Lymphoblastoid cell line generation

Epstein–Barr virus transformation of DGAP294’s peripheral blood was performed at the Genomics and Technology Core in the Center for Human Genetic Research at Massachusetts General Hospital (Boston, MA).

Base pair sequence definition of BCA breakpoints

Whole-genome sequencing was performed using a custom large-insert jumping library protocol with a targeted insert size of 3,000 bp [30, 31]. The library was sequenced on an Illumina HiSeq 2500 rapid run mode using a paired-end 25-cycle protocol, to assure minimum insert coverage of 40×. Sequencing achieved a raw yield of 85,007,504 read pairs. After postprocessing, 94.3% of the read pairs were aligned to the human genome reference GRCh37 v71 sourced from Ensembl (http://useast.ensembl.org/Homo_sapiens/Info/Index), with an insert size median of 3,212 bp (±470 bp median absolute deviation) yielding a resulting haploid insert coverage of 67.1× (Supplementary Table 1).

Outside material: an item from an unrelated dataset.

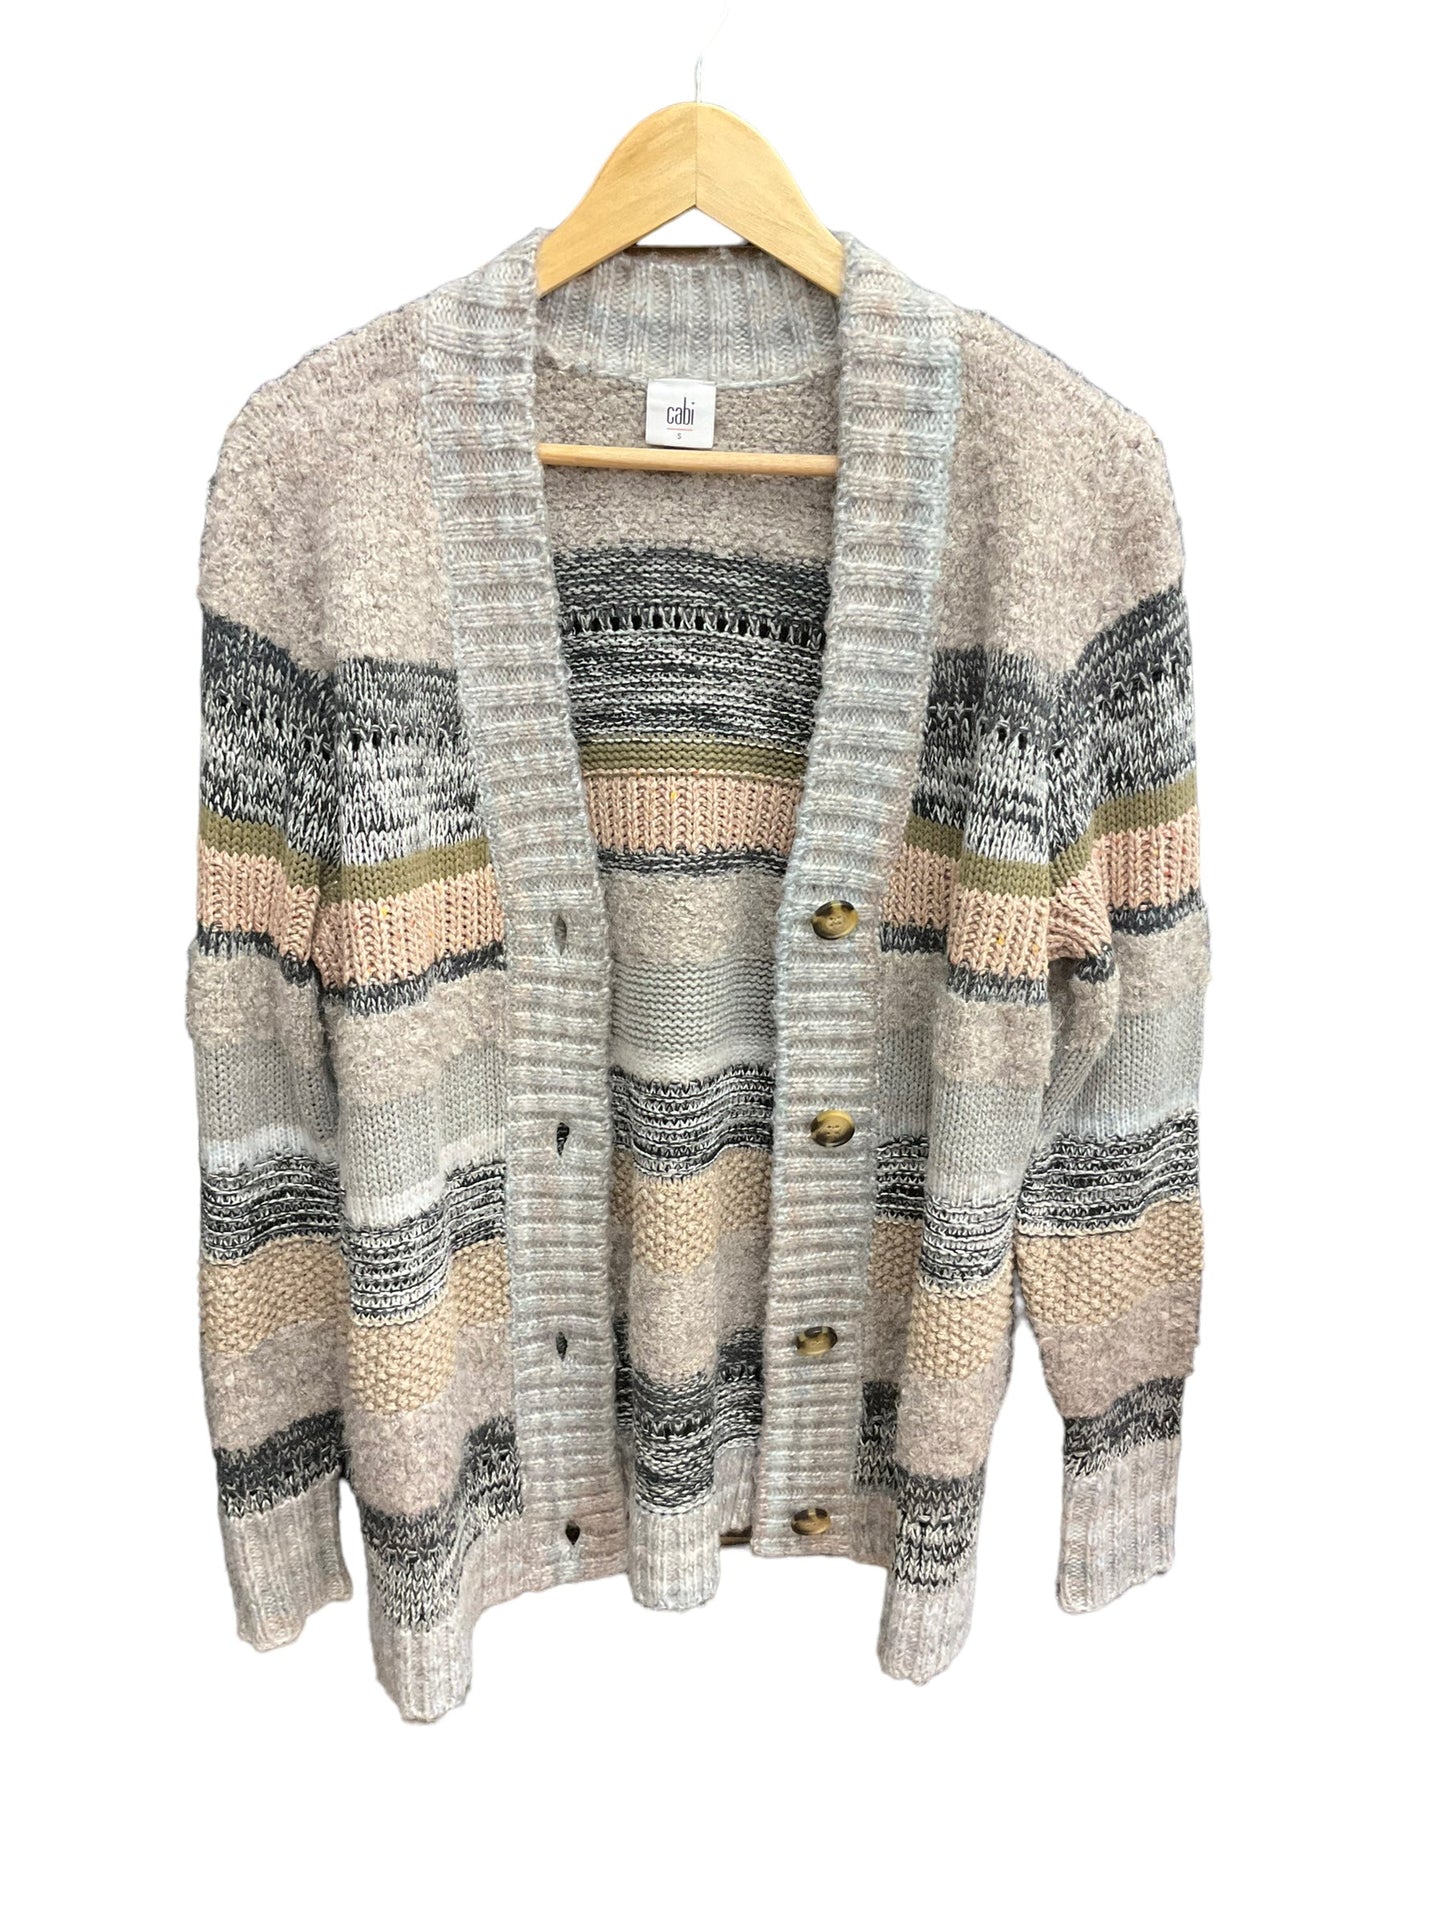 Multi-colored Sweater Cardigan Cabi, Size S
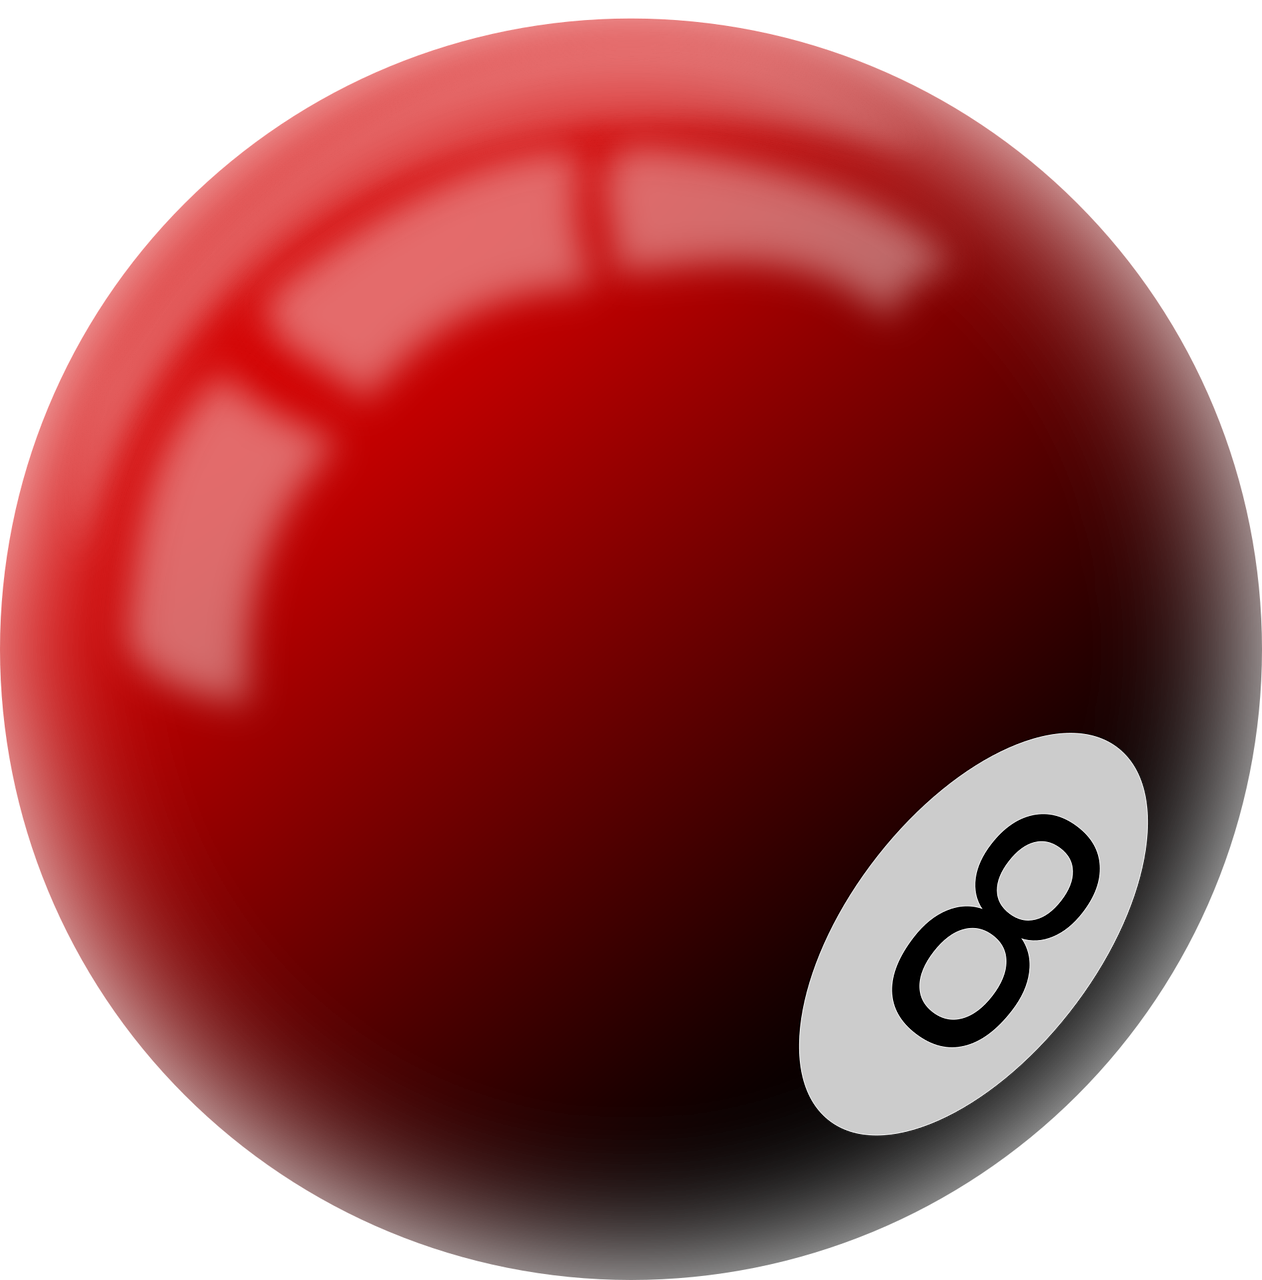 Billiard Red Balls Transparent Background

All computational analyses have been described previously [6, 32, 33]. Mapping against the human genome reference version hg19 revealed eight groups of chimeric read pairs underlying eight BCA breakpoints that were distributed between a complex de novo translocation involving chromosomes 1 and 14, which included a 127 bp de novo insertion, a de novo reciprocal translocation between chromosomes 4 and 10, and a maternally inherited inversion in the non-translocated chromosome 1 (Fig. 1) [4]. All identified BCA breakpoints were validated through PCR amplification and Sanger sequencing, except the maternally inherited inversion (Supplementary Table 2) [4].

Fig. 1
figure 1

a Karyogram of DGAP294’s derivative chromosomes. Chromosomes 1, 4, 10, and 14 are depicted in blue, yellow, green, and red, respectively, with their corresponding G-bands (obtained from http://grch37.ensembl.org/Homo_sapiens/Location/Genome). BCA breakpoints are indicated with dashed black lines and bold numbers within solid squares (breakpoint numbers correspond to those shown in b). b DGAP294 BCA breakpoints' genomic coordinates and disrupted genes locations are reported in human genome version GRCh37/hg19

BCAs breakpoint genomic analysis

Overlap analyses between regulatory or structural genomic elements and the BCA breakpoints were performed using custom Perl scripts and their significance calculated with 1,000 simulations performed by the Genome Association Tester (GAT) program [34]. Genomic features from the hg19 human genome build were downloaded from the UCSC genome browser [35], enhancer positions were obtained from Andersson et al. [36] and the VISTA Enhancer browser [37], enhancer and DNaseI hypersensitive sites (DHSs) were obtained from the ENCODE project [38], and clinical variants from additional patients were obtained from ClinVar [39, 40] and the DECIPHER database [41].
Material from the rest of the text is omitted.